Konya’nın şehir merkezine yakın kasabası Kaşınhanı civarında geçtiğimiz yıl inşa edilen 3 katlı bir villanın örgüt evi olarak kullanıldığı iddia eden Kart evin önünde hala dalganan IŞİD bayrağına da dikkat çekti. Evin sahibinin bilindiğini belirten Kart şahsı “IŞİD’in Konya temsilcisi” olarak adlandırdı.



9 YAŞINDAKİ ‘IŞİD’Lİ KIZ ÇOCUĞU

Bölgeyi en iyi bilen isimlerden birisi olan Atilla Kart Konya gibi ‘muhafazakar’ kentlerdeki radikal islami örgütlerin yuvalalanmasının sebebini ise şu çarpıcı örnekle anlattı.

“Konya’nın Akören ilçesinde seçim çalışmaların kapsamında bir beldeyi ziyaret ediyorduk.
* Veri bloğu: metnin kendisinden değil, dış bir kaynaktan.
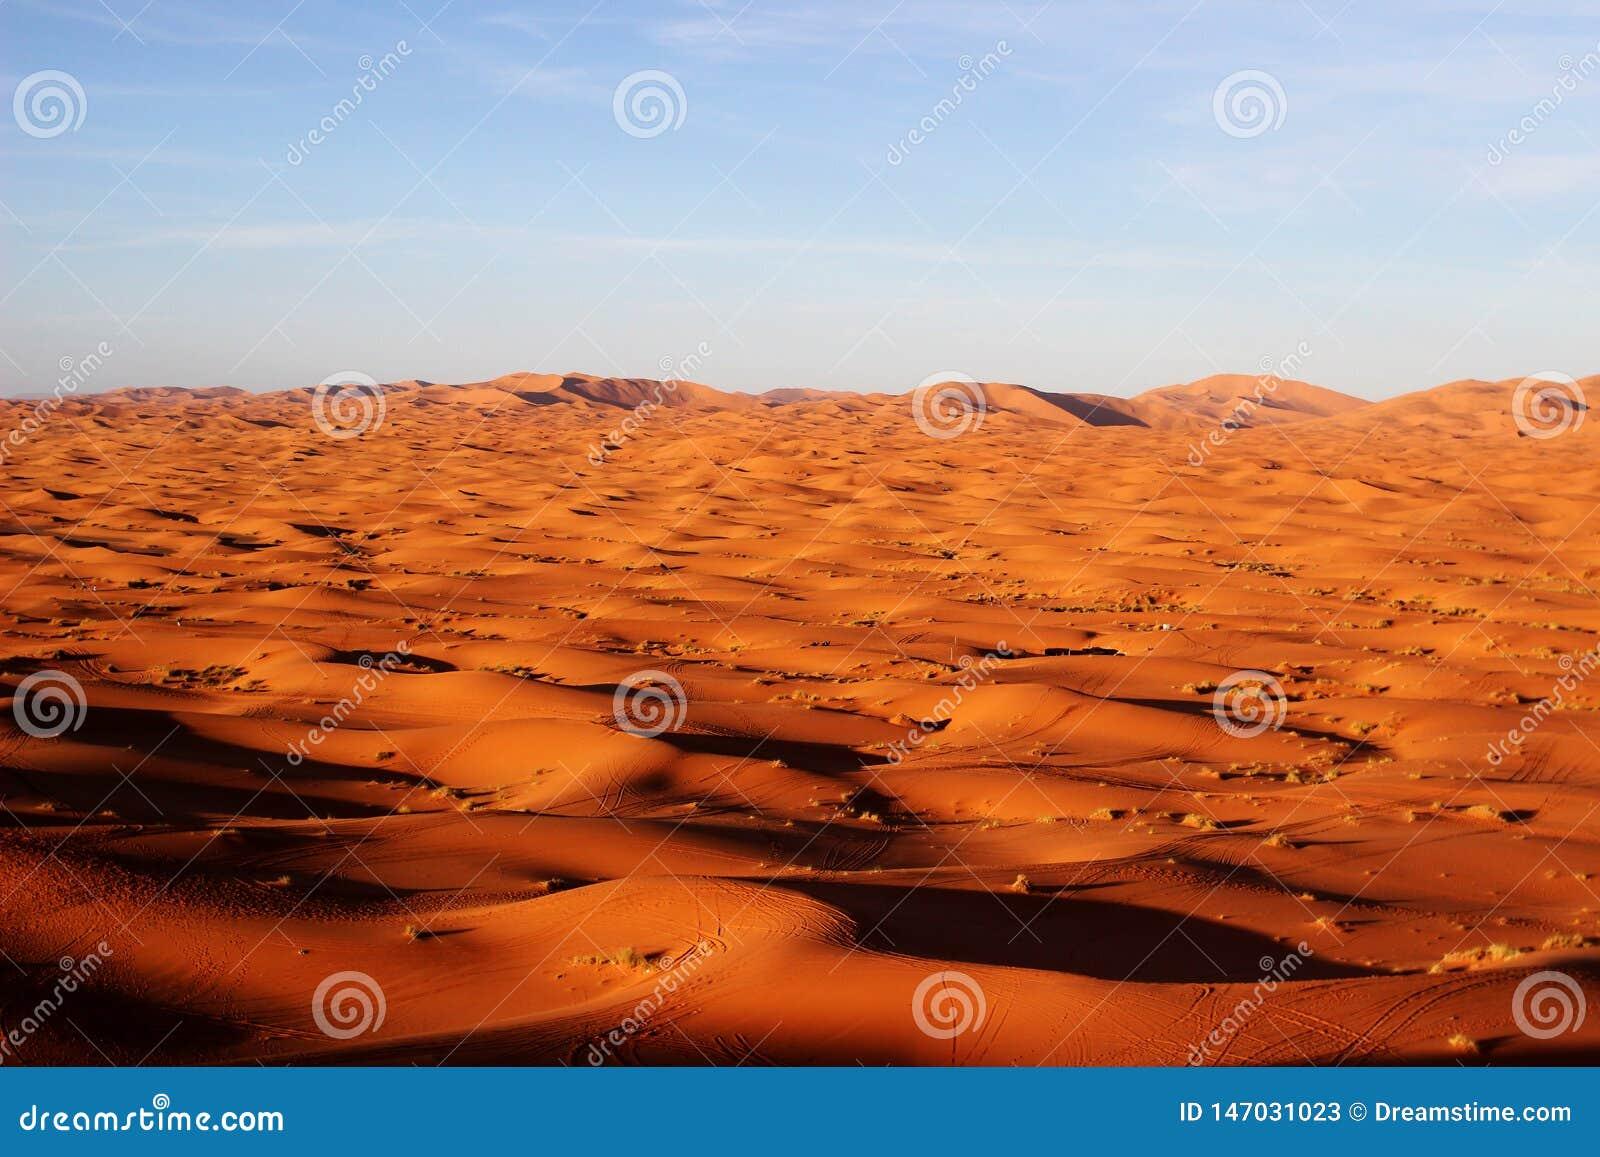 A piece of sahara desert

Yolda giderken bir aileyi gördük ve durduk. 70 yaşlarında bir karı-koca 30’lu yaşlarındaki oğulları ve 9 yaşlarındaki kız çocuğu torunlarıyla birlikte yürüyordu. Durup selam verip sohbet etmeye başladık. Bir zaman sonra ben 9 yaşındaki türbanlı kıza ismini sordum. Çoçuk cevap vermek bir yana (Heyetimizde kadın yoktu, hepimiz erkektik.) bizim onunla ilgilendiğimiz görünce yüzünü ekşiltip dedesinin ardına sokuldu. Tüm çabalarıma rağmen kız çocuğuyla iletişim kuramadım. İsminin Merve olduğunu dedesinden öğrendik. Henüz çocuk yaştaki kıza türban takmışlar ve erkeklerle konuşulmaz diye toplumdan adeta tecrit etmişlerdi. İşte uzakta aramaya gerek yok. IŞİD’i var eden ve güçlendiren zihniyet budur. Türkiye’deki IŞİD yapılanmasını sadece ekonomik ya da sosyo-kültürel sebeblere bağlamak yanlış olur. Radikal islam bu topraklarda birkaç yıllık bir mesele değil. Ancak son yıllarda iktidar sahiplerinin bakış açısı ve tutumu günümüzdeki IŞİD’i besleyen ve güçlendiren en önemli etkenler arasında bulunuyor.”

Soru önergesini Meclis Başkanlığı'na sunan Kart, hükümetin vereceği cevabı bekliyor.